→ Problem to solve
Please write out the full listing beneath this line exactly, skipping its images.

→ Data excerpt

■ ■ ■

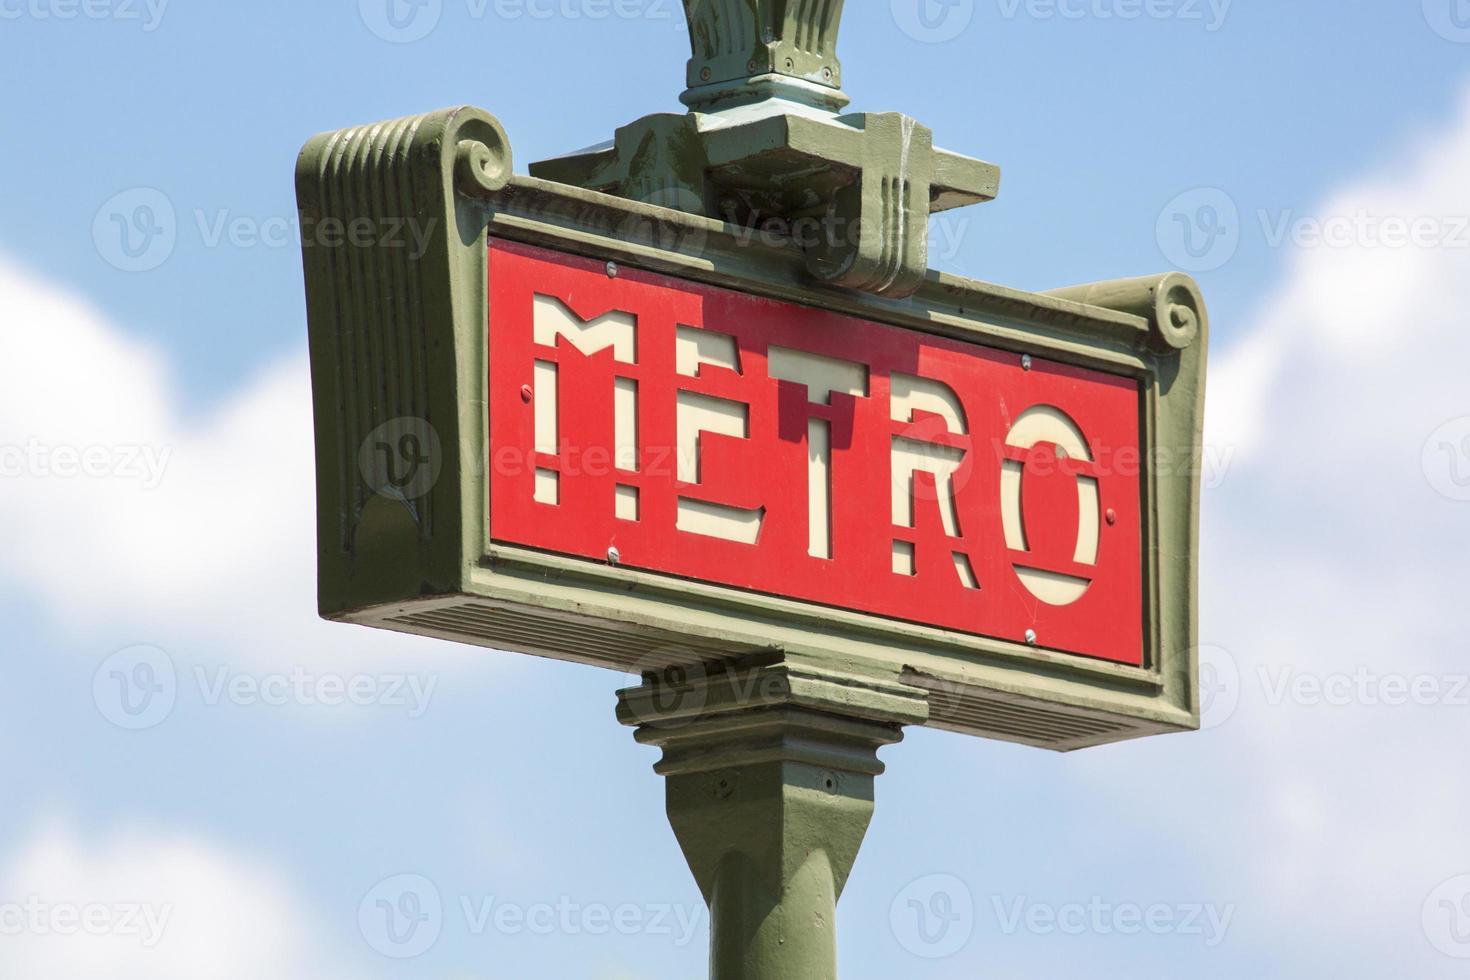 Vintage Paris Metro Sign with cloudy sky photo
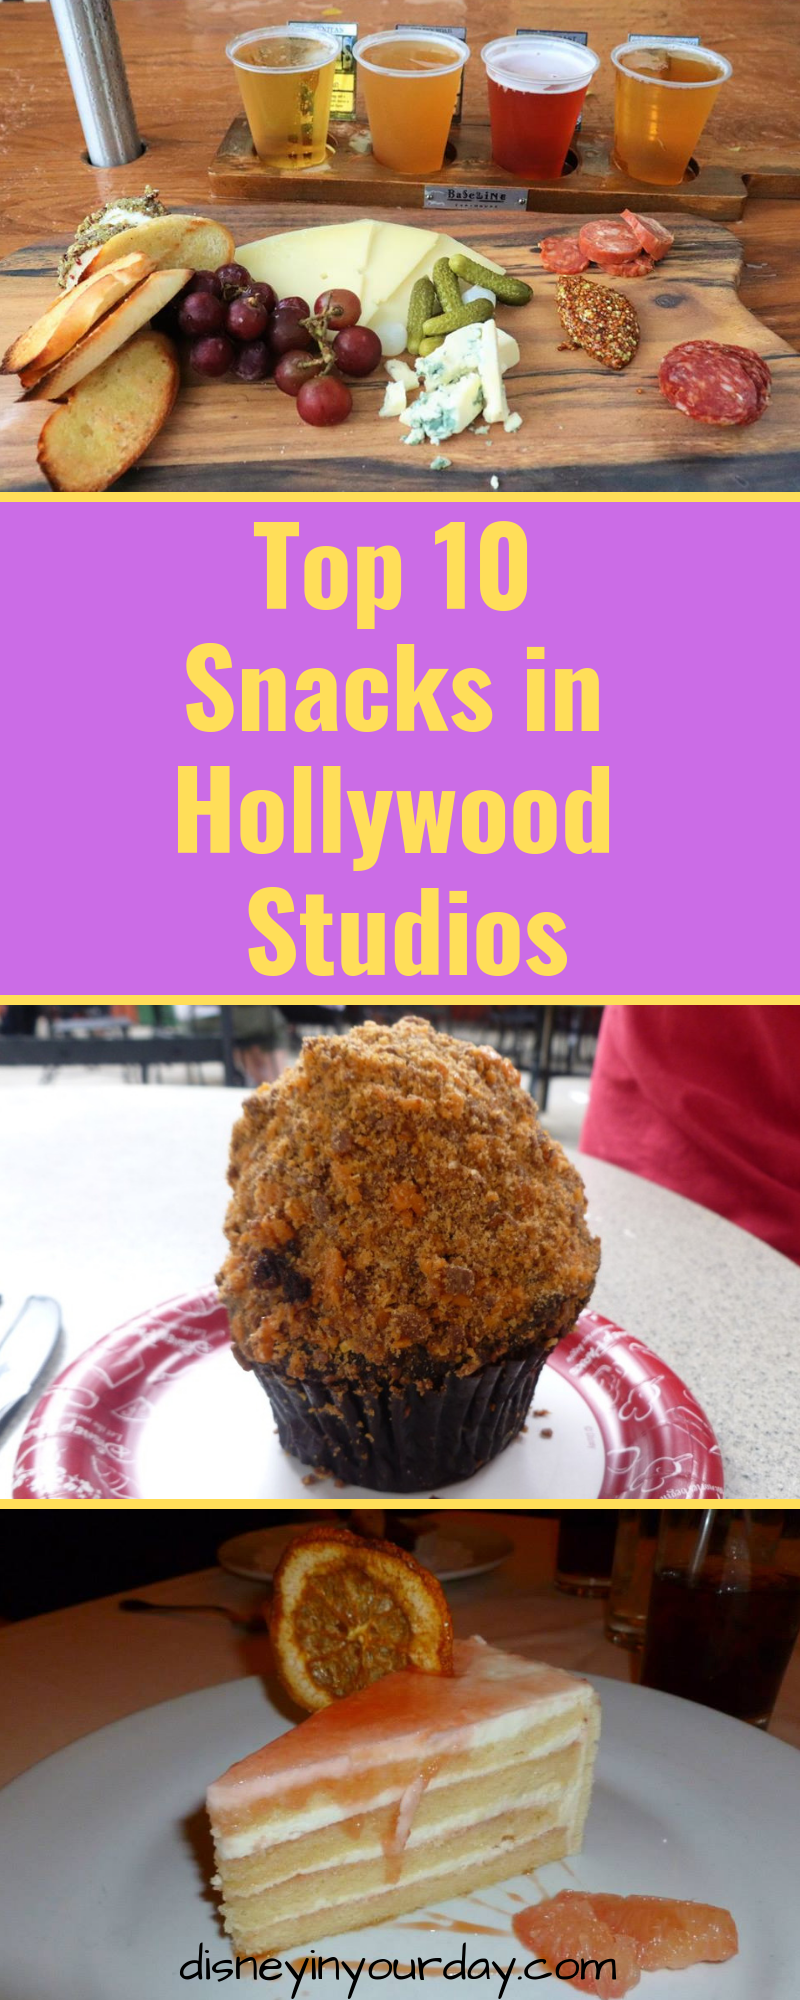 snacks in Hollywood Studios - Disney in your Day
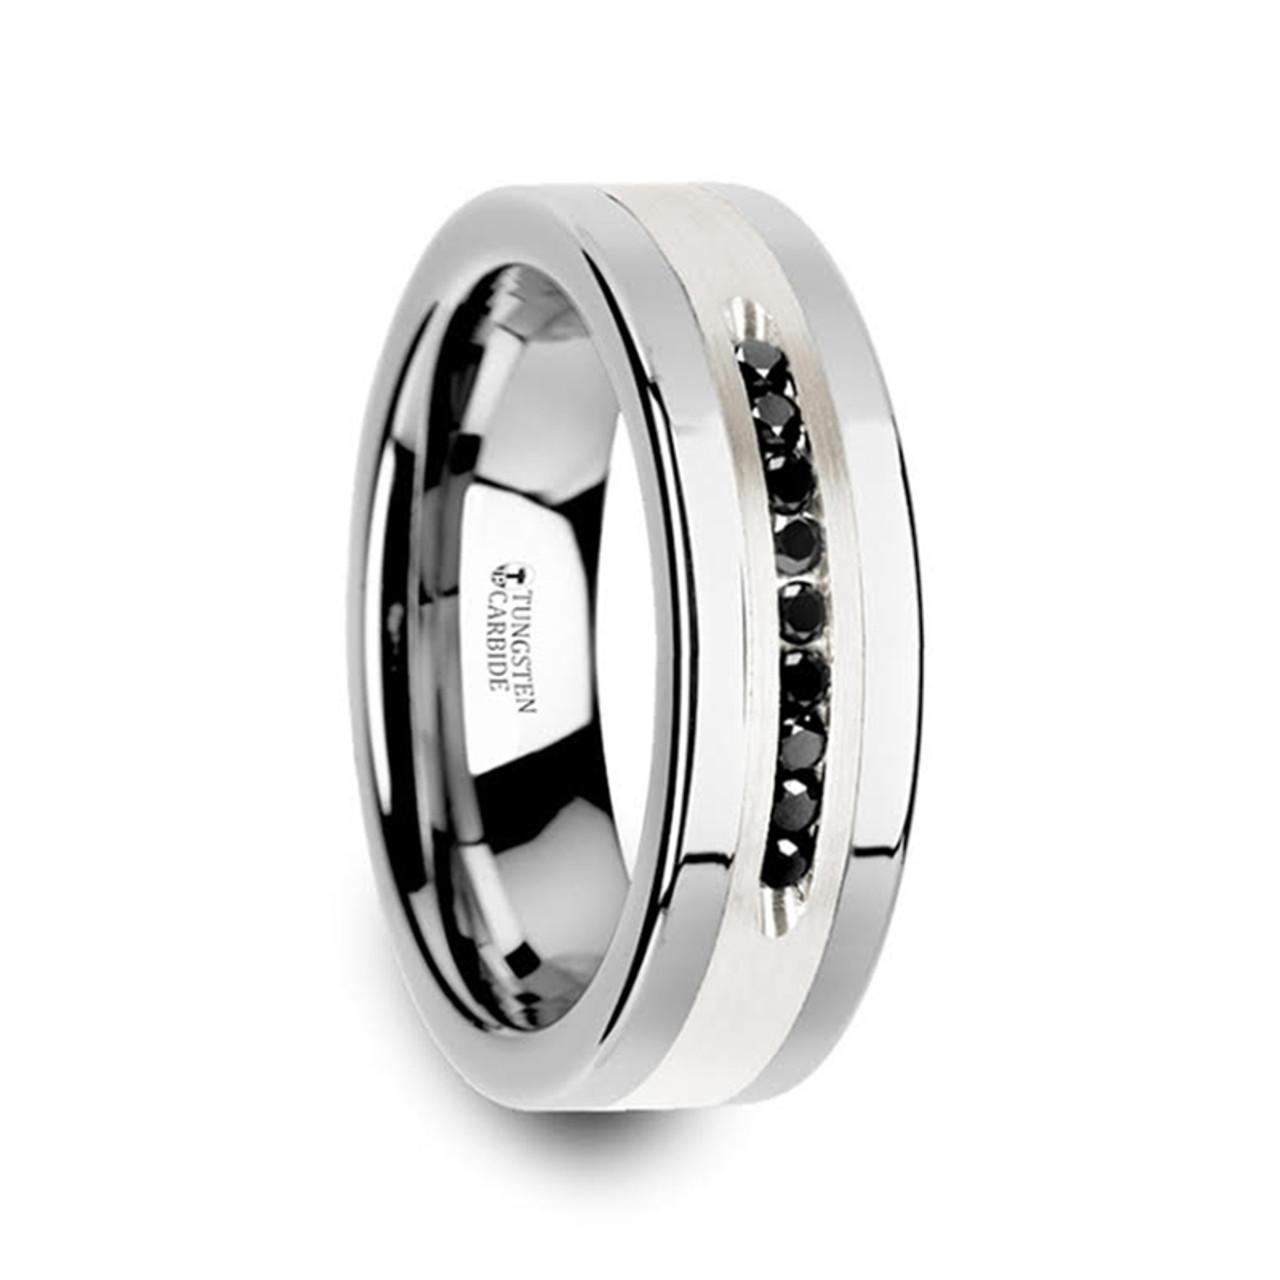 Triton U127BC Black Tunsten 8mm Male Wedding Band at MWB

■ ■ ■

→ Solution for this exercise
 Vintage Paris Metro Sign with cloudy sky photo
 snacks in Hollywood Studios - Disney in your Day
 Triton U127BC Black Tunsten 8mm Male Wedding Band at MWB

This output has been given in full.